You will need
1 Cut the patterned fabric into 20 x 20cm squares. Our quilt is eight squares across and eight down, making 64 squares in total. The overall size of our quilt is about 1.5 x 1.5m. You can increase the number of squares, if you prefer.
2 Cut the backing fabric into 20 x 20cm squares, cutting 64 squares in total.
3 Cut the fusible batting into 18 x 18cm squares, cutting 64 squares in total.
4 Sandwich a fusible batting square between a patterned fabric square and a backing fabric square, so the wrong sides of the fabric are positioned next to the batting. Iron the square to fuse the batting to the fabrics. Repeat for all the squares.
5 Now stitch two diagonal rows across each square to form a cross, making sure that the lines reach all the way to the corners so the three layers are quilted together.
6 Once finished, arrange the squares in eight rows of eight squares.
7 Take the first two squares in the first row and lay them on top of each other with the wrong sides together (in other words, the backing sides) – the seam allowance needs to end up on the front of the quilt. Stitch together with a 1.5cm seam allowance.
8 Stitch all your squares together, one row at a time, starting from the top row and working from left to right.
9 Once your rows are complete, stitch them together in exactly the same way, taking care to line up the squares.
10 When your quilt is complete, trim any excess fabric and make sure that the edges are straight and squared off. Measure the quilt around the edges and add 30cm to this measurement. This will be the length of your binding fabric.
11 Join the pieces of binding fabric diagonally to avoid additional bulk. Once you have completed the length, fold the binding fabric in half lengthwise, iron, and zigzag stitch the open sides.
12 Pin the binding with the zigzag stitch lining up with the edge of the quilt leaving an overlap. Once pinned, join and trim off the excess binding. Stitch the binding in place around the quilt.

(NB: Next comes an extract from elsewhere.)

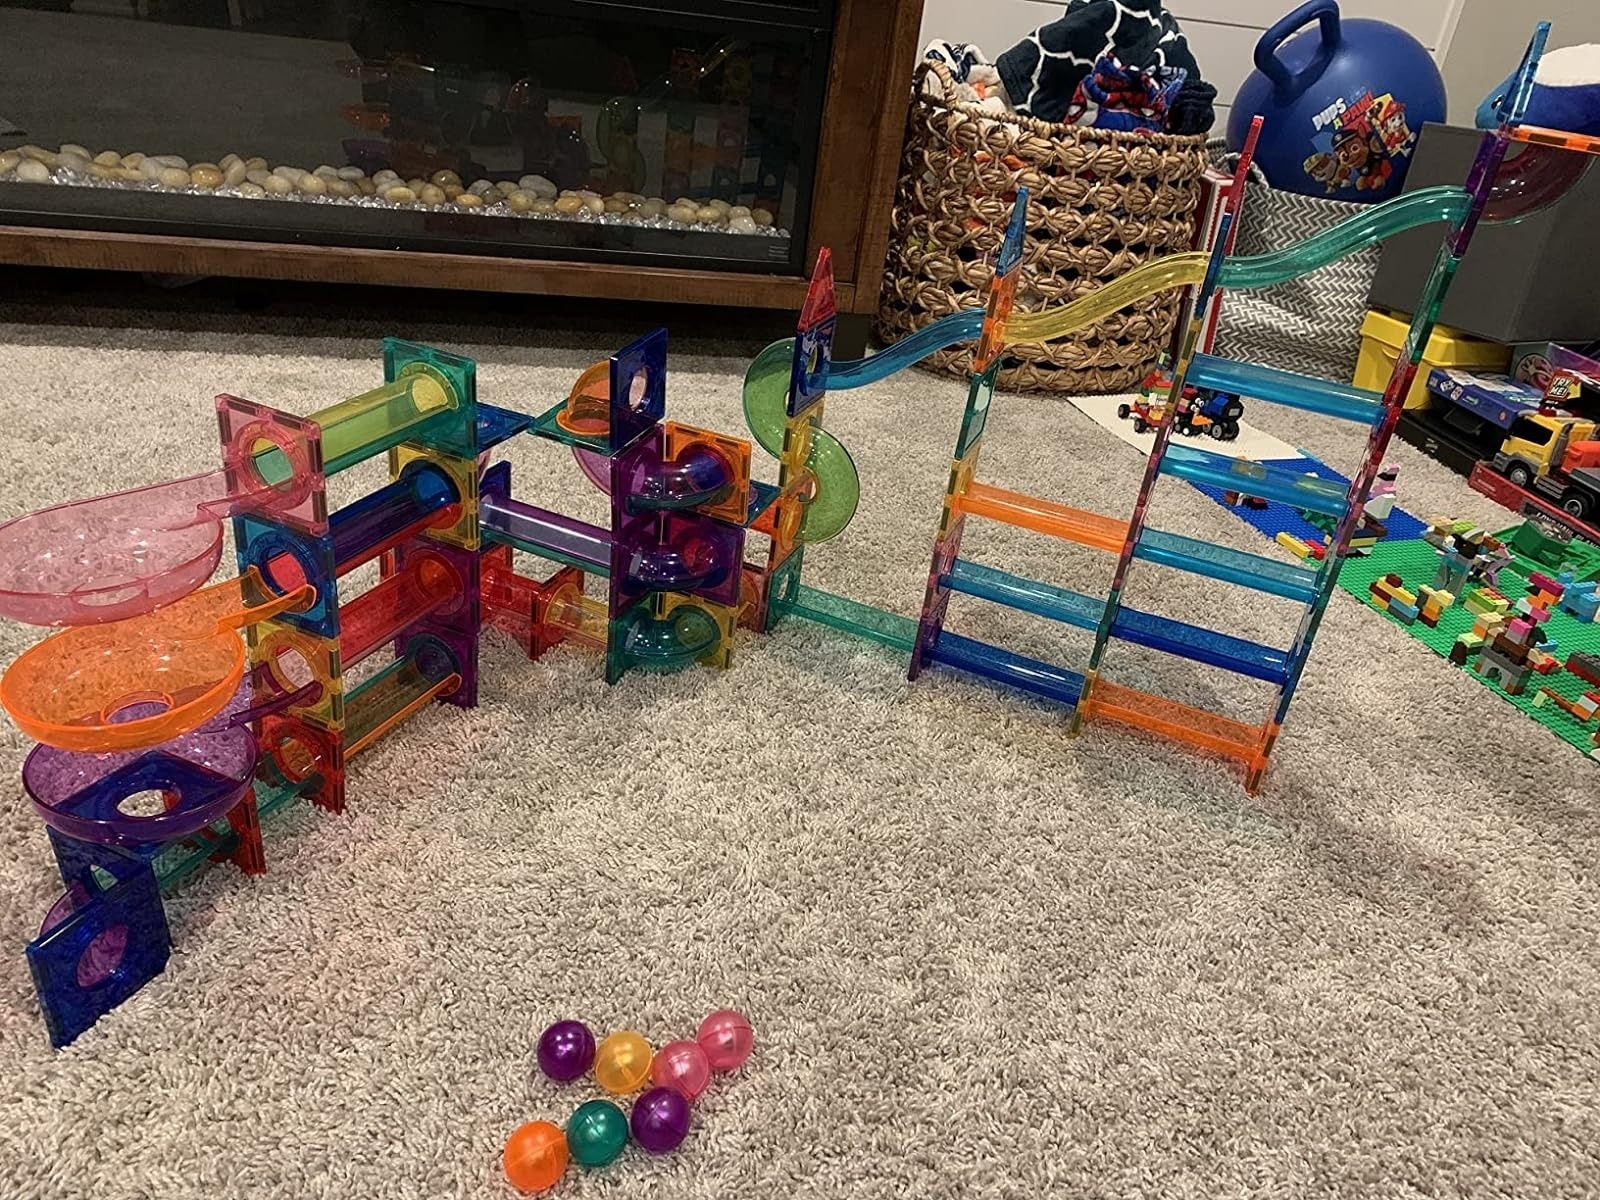 Colorful marble run set with tracks and structures set up on a carpeted floor. Various toys and a basket of toys are visible in the background

13 Turn the quilt over and fold the binding over towards the back of the quilt, pinning it in place (cover the stitch line underneath.)
14 Turn the quilt back over and stitch close to the binding between the quilt and the binding – effectively hiding the stitch line. This will catch the binding at the back and will ensure a neat border. Remove the pins as you work.
15 Once your binding is complete, snip the raw edges of the squares with scissors, taking care not to cut through the stitch line.
16 There are two methods to create the soft frayed effect. First method Snip all the edges and corners and then wash and tumble dry the quilt two or three times. Second method Snip the edges then use a soft-bristle hairbrush to gently brush the edges to release the bits of fabric. It is a messy but effective process.